The present invention relates generally to networks. More particularly, the present invention relates to the deployment of a carrier's carrier (CsC) substantially without directly exchanging customer routes, or advertising next hops, between customer edges (CEs).
A virtual private network (VPN) created using multiprotocol label switching (MPLS) generally allows CEs, which may be routers, to communicate with a provider edge (PE), which may also be a router. A CE is typically located at the edge of a customer network, and is in communication with a PE of a service provider of an MPLS network. Customer routes between the CE and the PE are generally stored in a VPN routing and forwarding table (VRF) of the PE. The storage of all customer routes associated with a CE into a VRF of a PE allows the PE to locate a suitable route over which to route a received packet to a customer. However, the storage of all customer routes associated with a CE into a VRF is resource-consuming, particularly when a CE has a relatively large number of associated customer routes. Storing customer routes in VRFs is relatively expensive, and may utilize significant system resources, e.g., consume a relatively large amount of the memory space in the VRF.

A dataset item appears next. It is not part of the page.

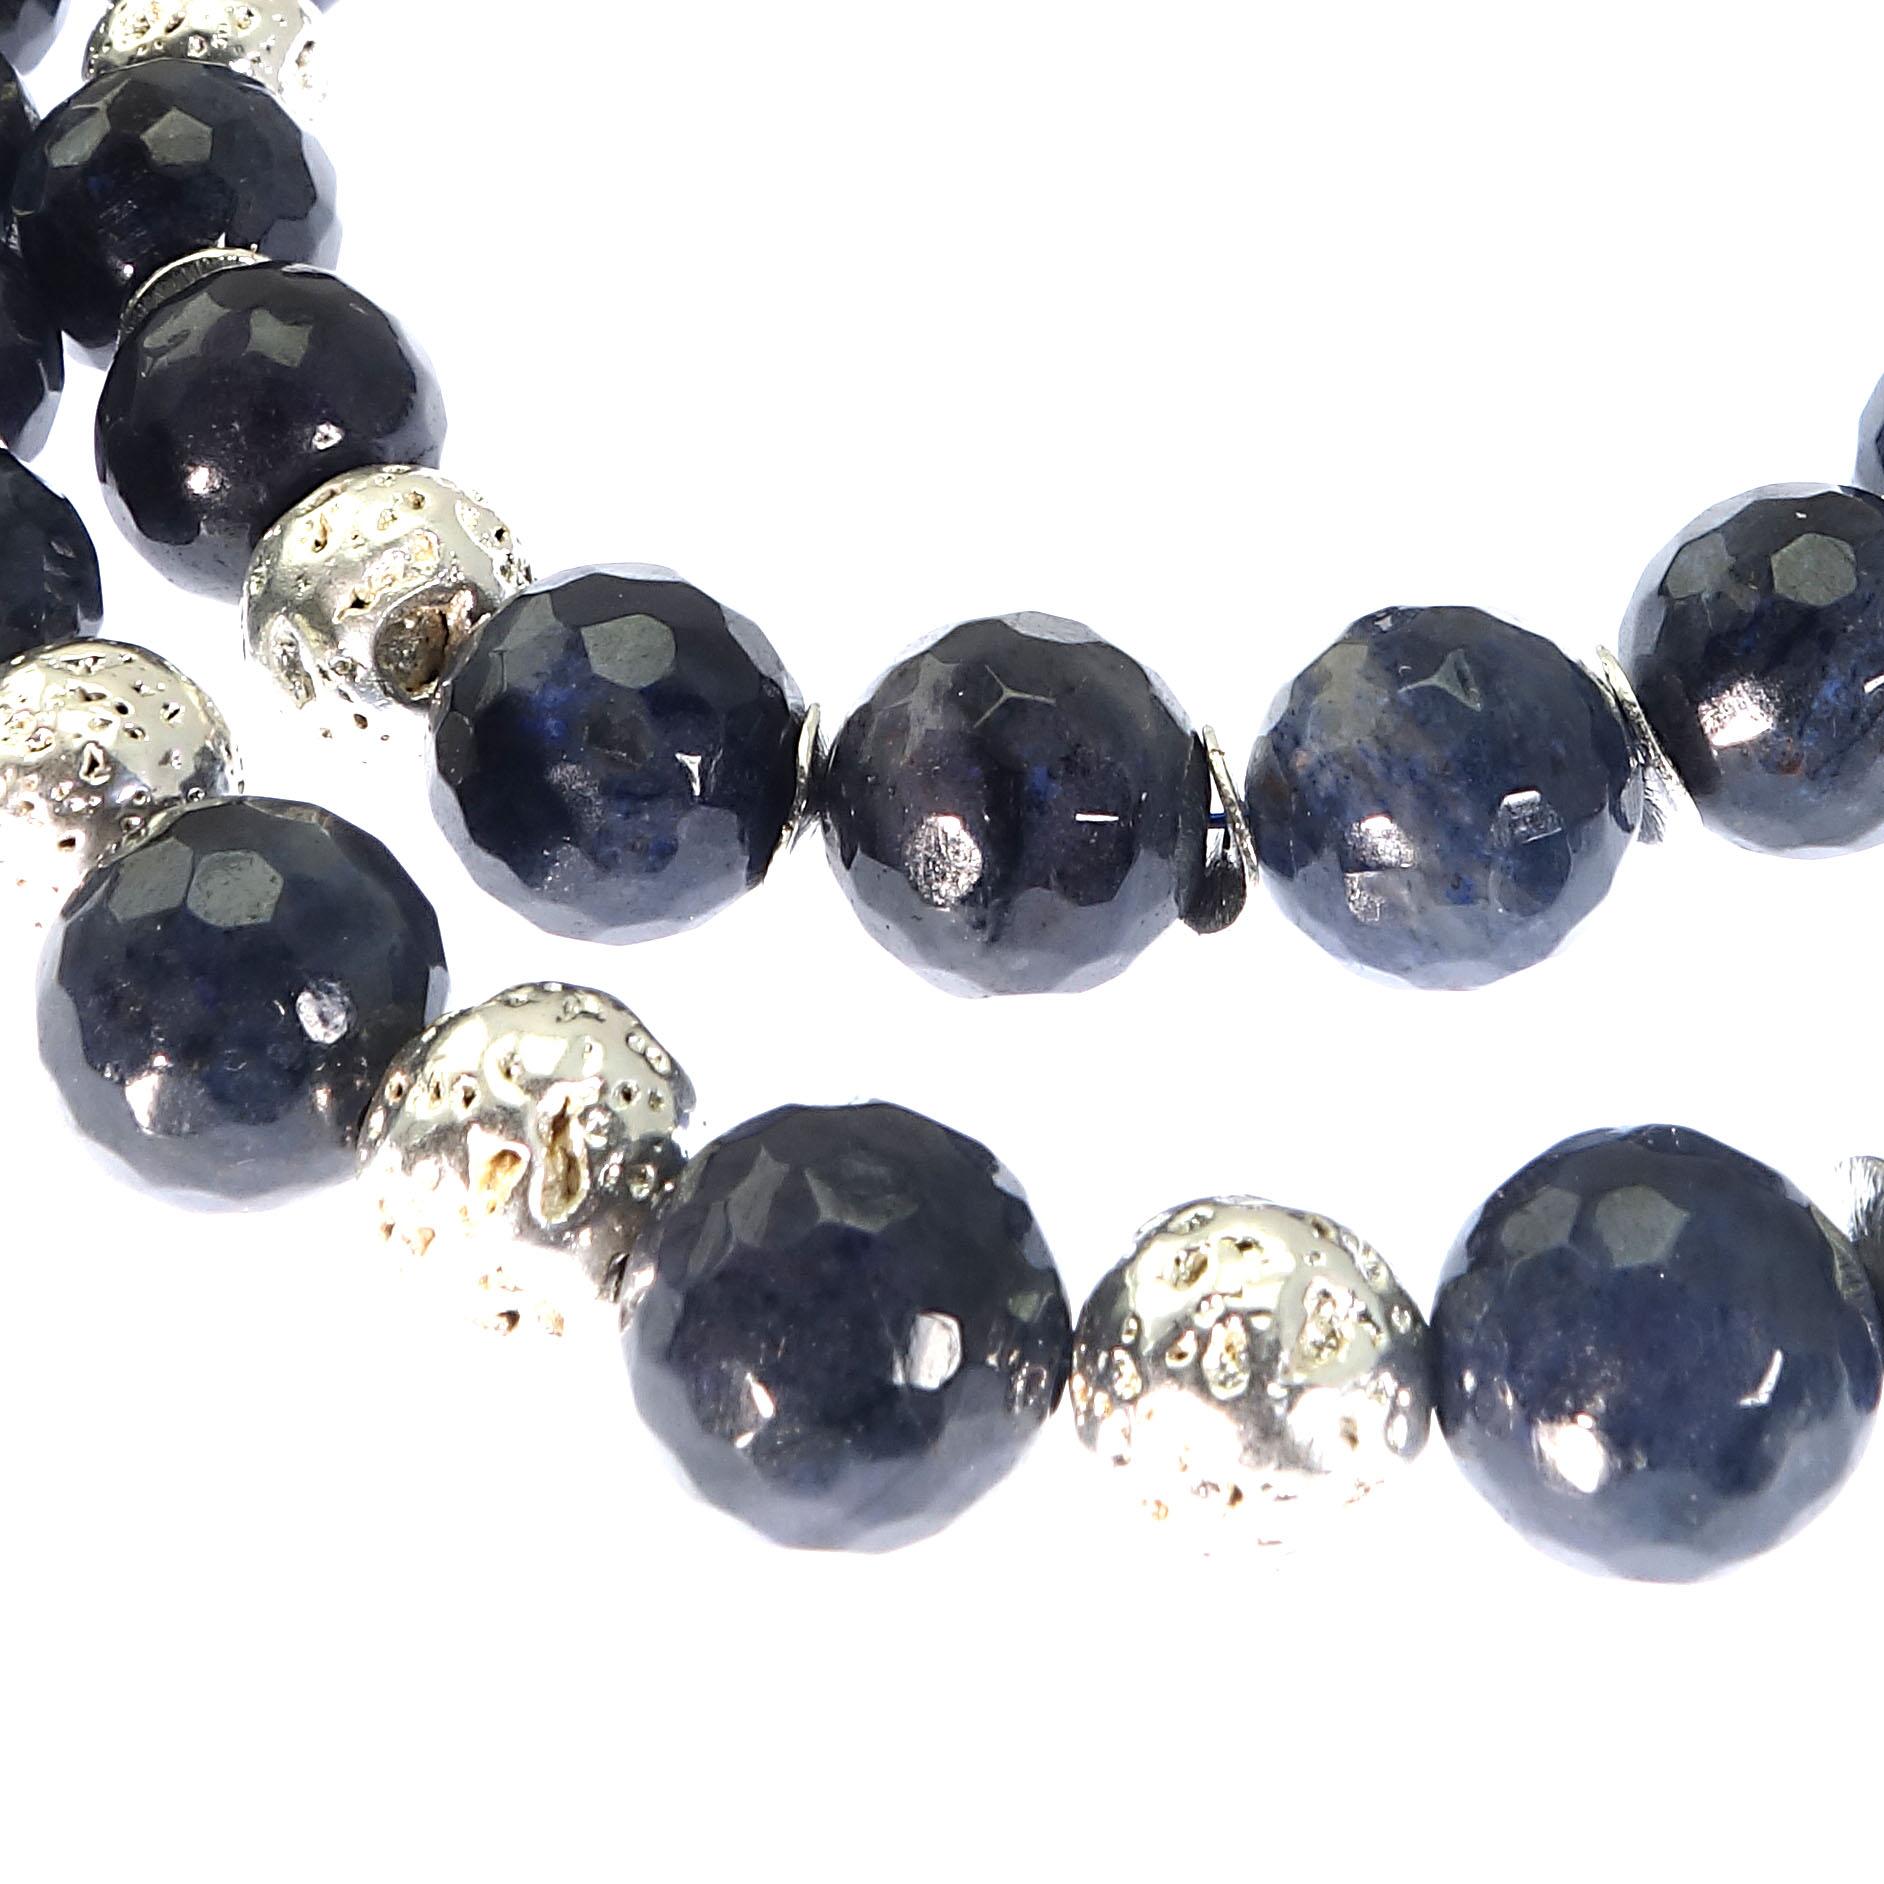 Handmade necklace of highly polished, faceted blue Dumortierite enhanced with sparkling silver 'lava' beads and silver tone flutters. This double strand necklace is a must have for all you blue lovers. Dumortierite ranges from lighter blue to dark
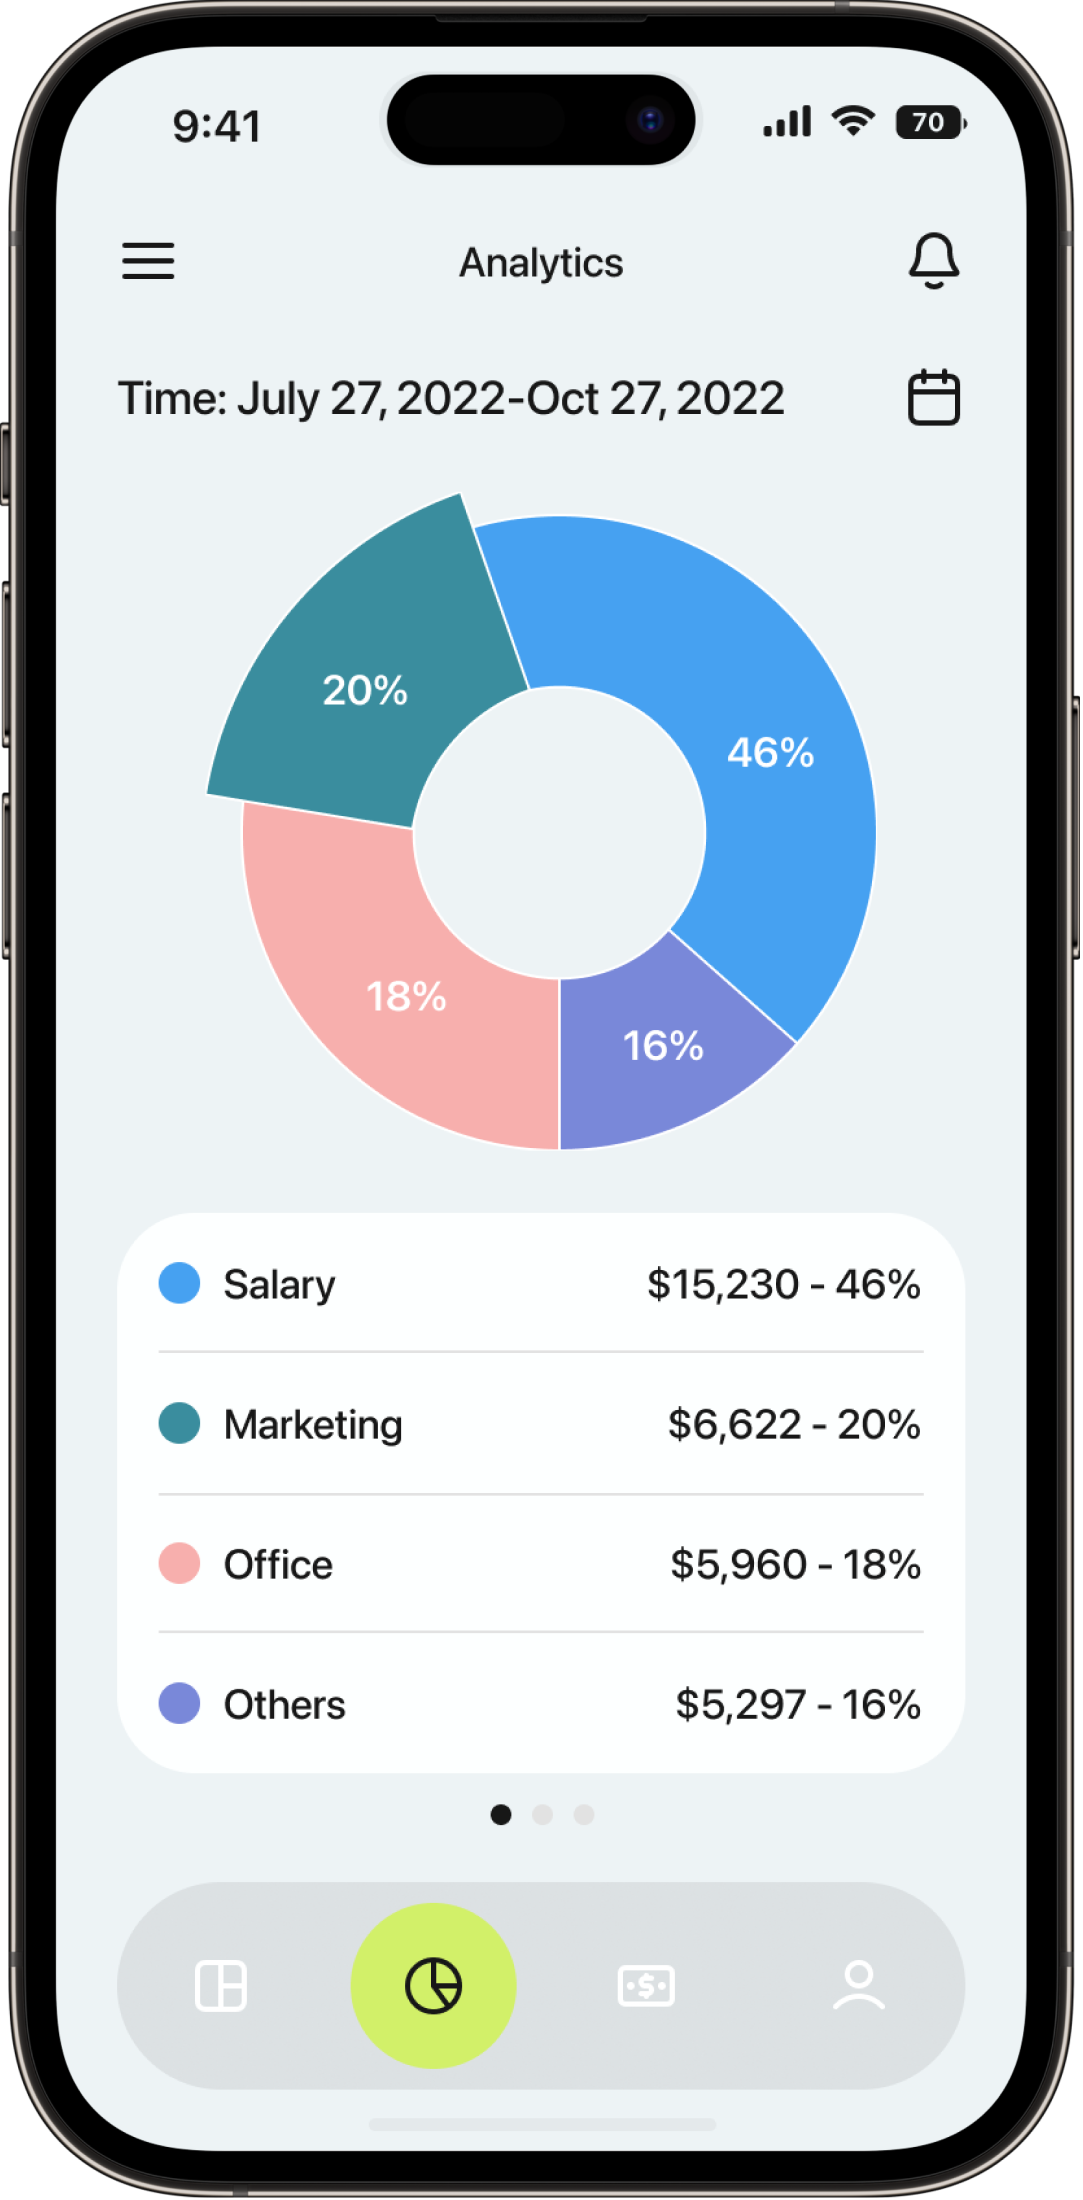 YWS > Works > CaseStudy > Mobile Budgeting  App > Reports and analytics > Image

A CsC architecture allows for the direct exchange of customer routing states between CEs. That is, a CsC architecture allows routes to be exchanged directly between customers, and also advertises routes with labels so as to create label switched paths (LSPs) to next hops. In a CsC architecture, a customer builds a mesh of CE-to-CE border gateway protocol (BGP) sessions that carry or otherwise propagate customer routes between the CEs and therefore the CE need only communicate the routes used as next-hops for these directly exchanged routes to the PE. As will be understood by those skilled in the art, building BGP sessions may be relatively expensive in terms of operational complexity for the provider of the CsC service.